3. Iterate over various document depths (where the needle is placed) and context lengths to measure performance

## Roadmap 🛣️

An ongoing list of models to pressure test.

```
1. Mistral 7B Instruct v0.2
```

## Results 📊

Each test consists of a retrieval, at certain depth percentage, for a given context length. The results are combined into a pivot table illustrating how well the model response was, judged by GPT-4. The scoring system is defined as

```
Score 1: The answer is completely unrelated to the reference.
Score 3: The answer has minor relevance but does not align with the reference.
Score 5: The answer has moderate relevance but contains inaccuracies.
Score 7: The answer aligns with the reference but has minor omissions.
Score 10: The answer is completely accurate and aligns perfectly with the reference.
```

I have slightly adjusted @gkamradt's visualization code to work for this project. The code can be found [here](/utils/visualize.ipynb). The raw results are found in `results/`.

### Qwen-1.5-4B @ 7k [RP]

Qwen doesn't have any attention optimizations (SHA, MHA, MQA, GQA), hence scaling contexts is super expensive in terms of VRAM :(

![](/img/qwen1.5-4b-rp.png)

### Qwen-1.5-7B @ 7k [RP]

Wish I could test how well this does at higher contexts, all Qwen 1.5 support contexts up to 32k in practice.

![](/img/qwen1.5-7b.png)

### Mistral-7B-Instruct-v0.2 @ 16k

This model is trained on 8k context but features a theoretical context window of up to 128k, made possible through sliding window attention.

![](/img/mistral_7b_16k.png)

### Mistral-7B-Instruct-v0.2 @ 16k [RP]

Using the retrieval priming technique from Anthropic, results improve **tremendously**.The model is capable of handling contexts exceeding 8k. However, its performance is characterized by volatility; it tends to either achieve flawless success or encounter complete failure.

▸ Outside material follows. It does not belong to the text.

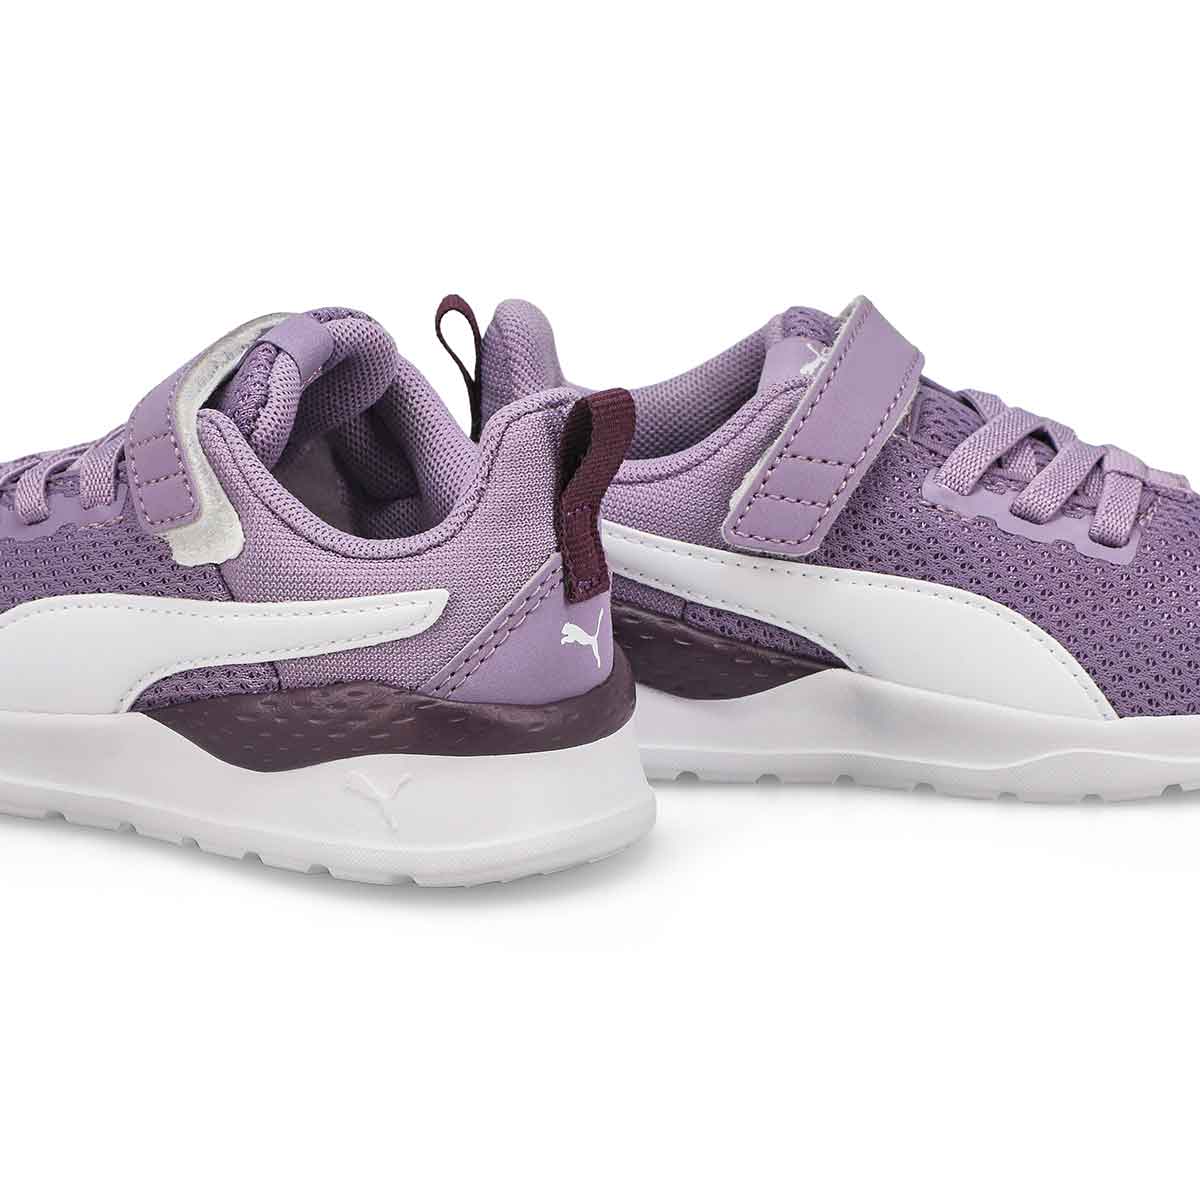 Infants' Anzarun Lite AC Sneaker - Purple/White

![](/img/mistral_7b_16k_rp.png)

### OpenChat 7B 3.5-1210 @ 8k

![](/img/openchat-3.5-1210_8k.png)

### OpenChat 7B 3.5-1210 @ 8k [RP]

![](/img/openchat-3.5-1210_8k_rp.png)

### Starling LM 7B Alpha @ 8k

Starling is finetuned from OpenChat 3.5 and is one of the best 7B models on Chatbot Arena.

![](/img/starling-lm-7b-alpha.png)

### Starling LM 7B Alpha @ 8k [RP]

![](/img/starling-lm-7b-alpha_rp.png)

### Toppy 7B @ 16k

![](/img/toppy-7b.png)

## Implementation

Just a quick note on the implementation. @gkamradt refactored and cleaned the code significantly since I originally started working on this. I don't plan to sync this with his more polished version. This code works fine but it's hacky.